Perhaps lost in the shuffle was Lane’s calculated gamble that he executed the first three days. Lane made the interesting decision — a risky one — to scour his productive area for just more than 3 hours through the first three days, leaving nearly 20 hours on the table. It proved to be a key to the victory.

“They didn’t pull current today and the wind wasn’t blowing early and that was just a terrible combination for me,” said Lane, whose daughter, Alexis, graduated from pre-kindergarten Friday back home in Florida. “I love to do it but I’m not a big ledge fisherman. I wasn’t happy all day but this victory really means a lot to me.”

While VanDam fell short at Kentucky, he will take solace in his lead — albeit a tiny one in the 2009 Toyota Tundra Bassmaster Angler of the Year standings. By virtue of jumping over Skeet Reese of Auburn, Calif., into second place here, VanDam maintained his lead in the season-long standings.

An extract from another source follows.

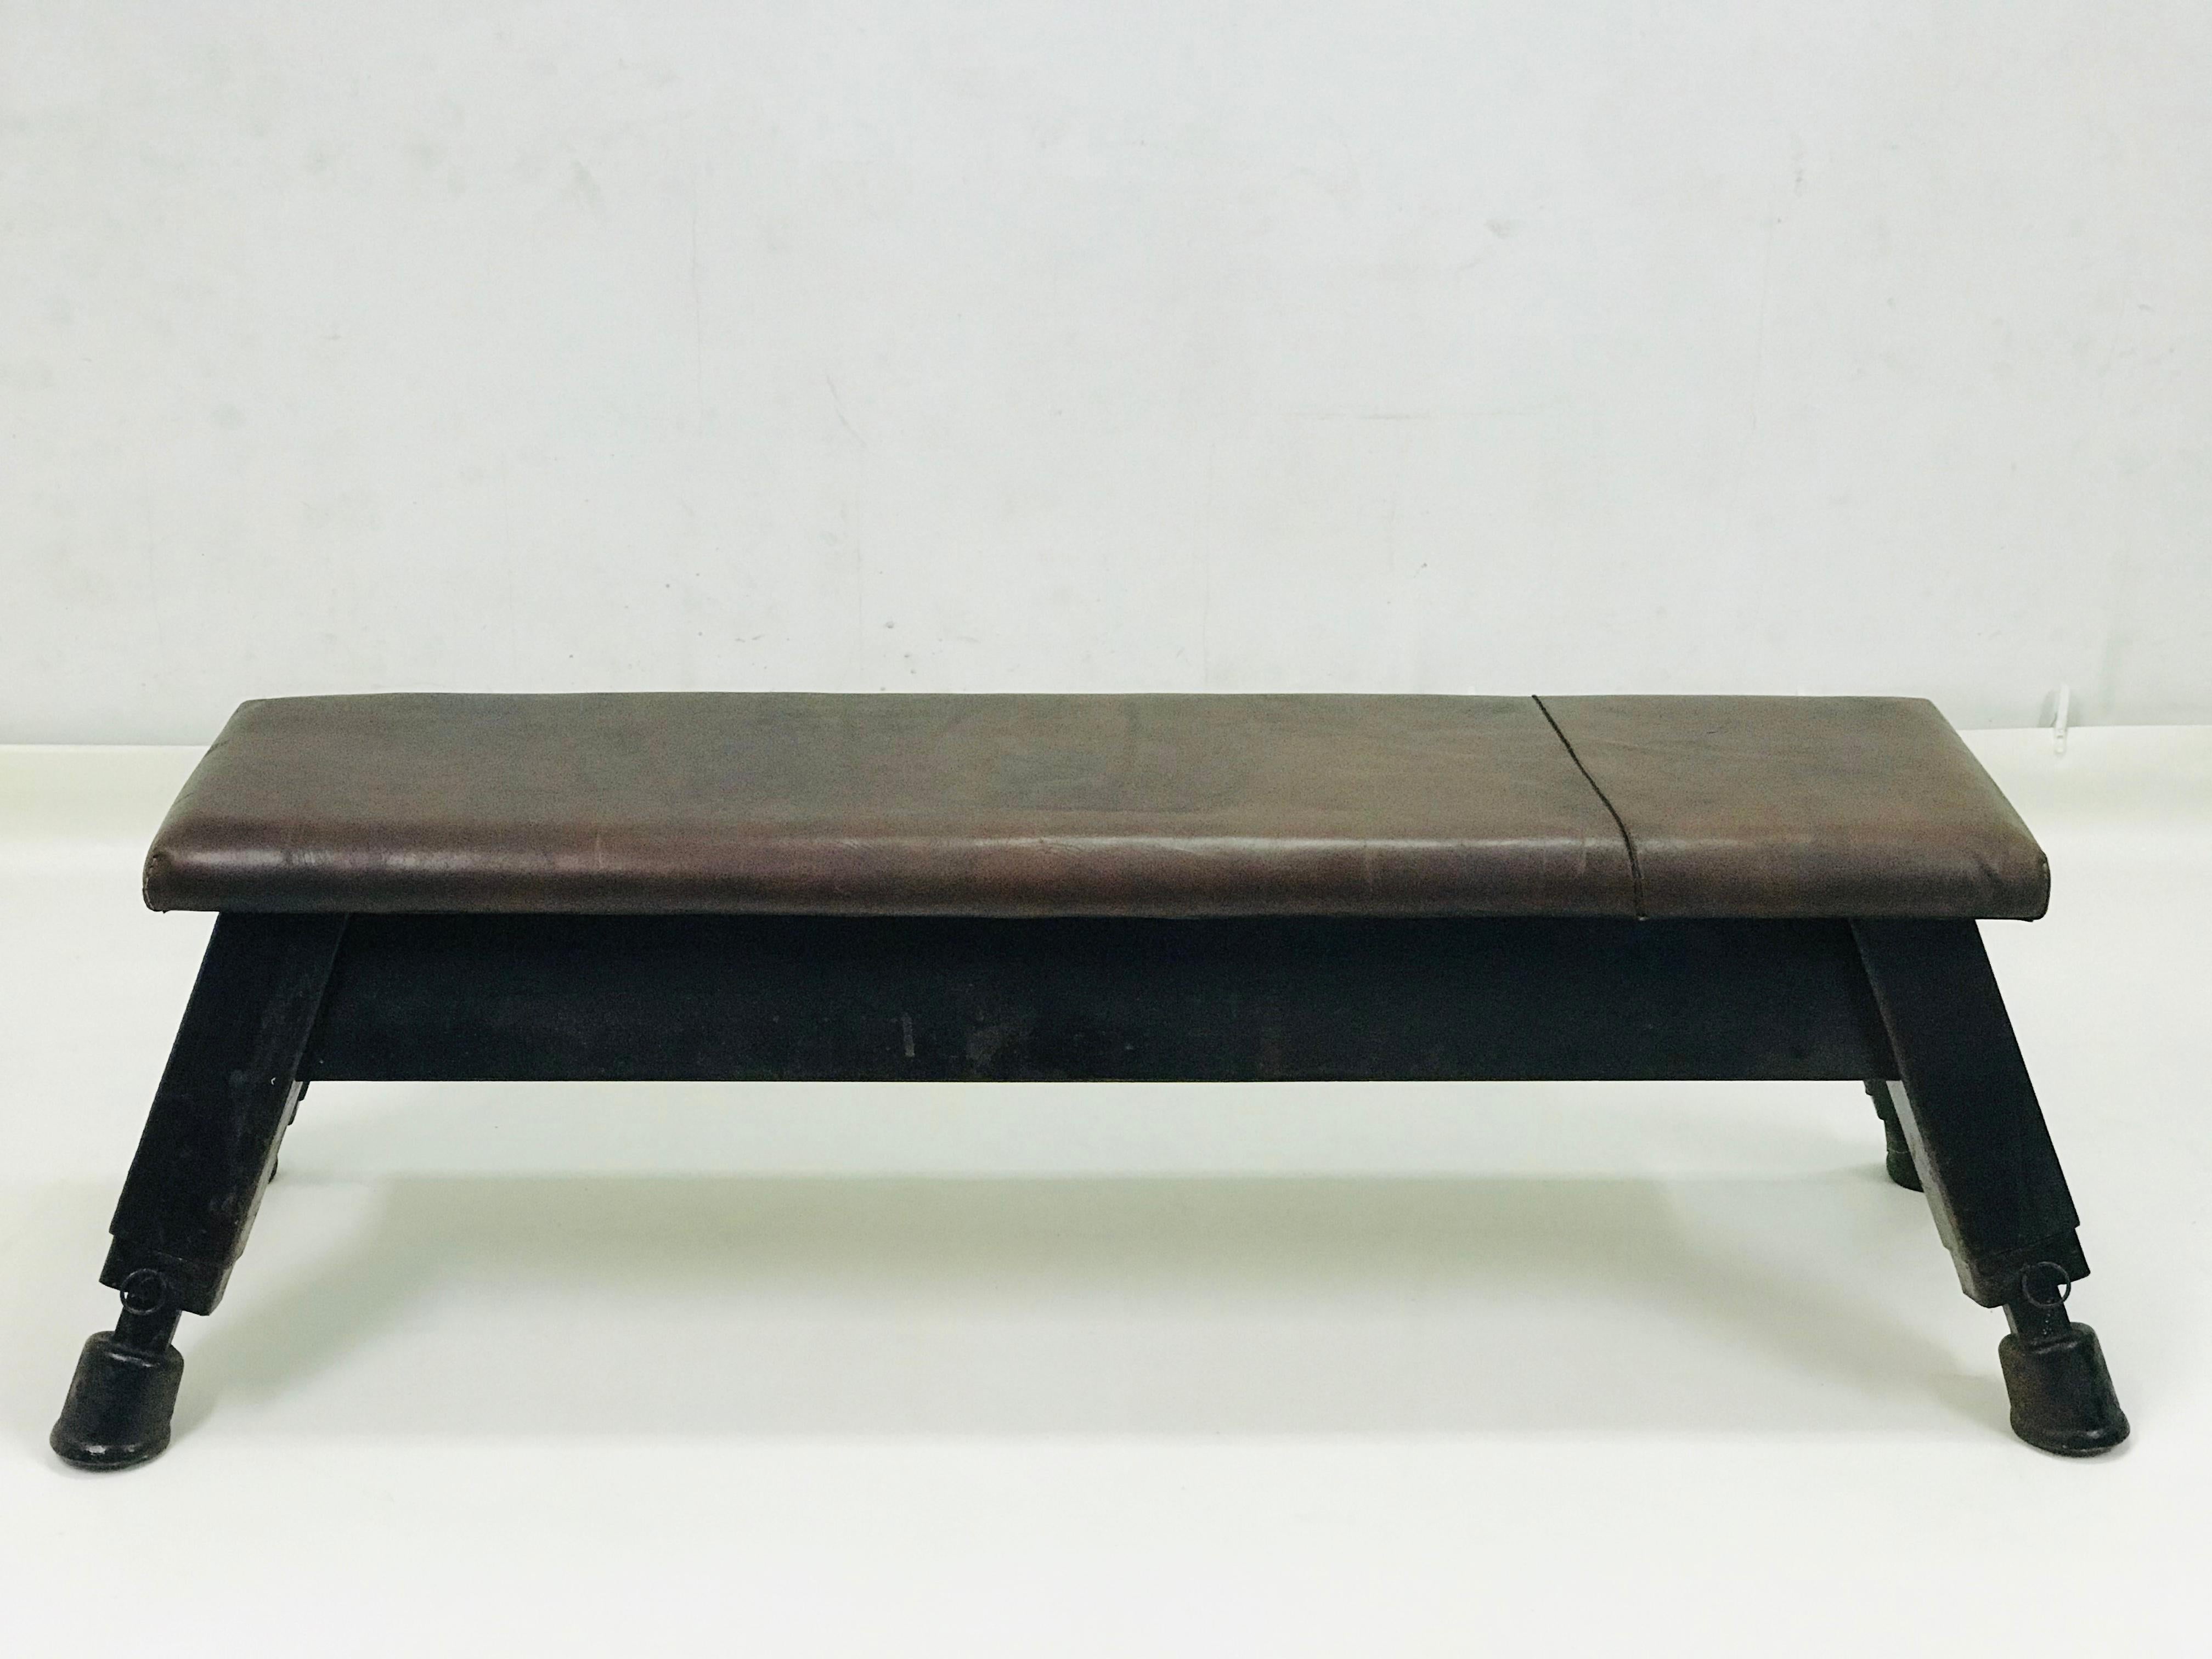 This bench has the massive stable construction with strong leather with original patina. It has setting legs for different height. The dimension of the upper leather desk is 152 x 40 x 7 cm.

VanDam, the defending champion on Kentucky, said the majority of his bass fell for a Strike King Series 6 extra deep crankbait. He was allowing the bait to hit bottom — usually comprised of shell — where the bass would attack it.

“Kentucky Lake is absolutely awesome,” said VanDam, a two-time Bassmaster Classic champion. “While I’m never satisfied with second place, the ultimate goal is the Angler of the Year and I feel good about my chances there.”

The Angler of the Year title is worth $200,000 and it is considered one of the most prestigious awards in the sport. Reese, the 2007 TTBAOY, continued his incredible run, scoring fourth at Kentucky with 90 pounds, 7 ounces.

Russ Lane of Prattville, Ala., moved up one spot to third with 90-9. In fifth was Rick Morris of Lake Gaston, Va., with 88-6.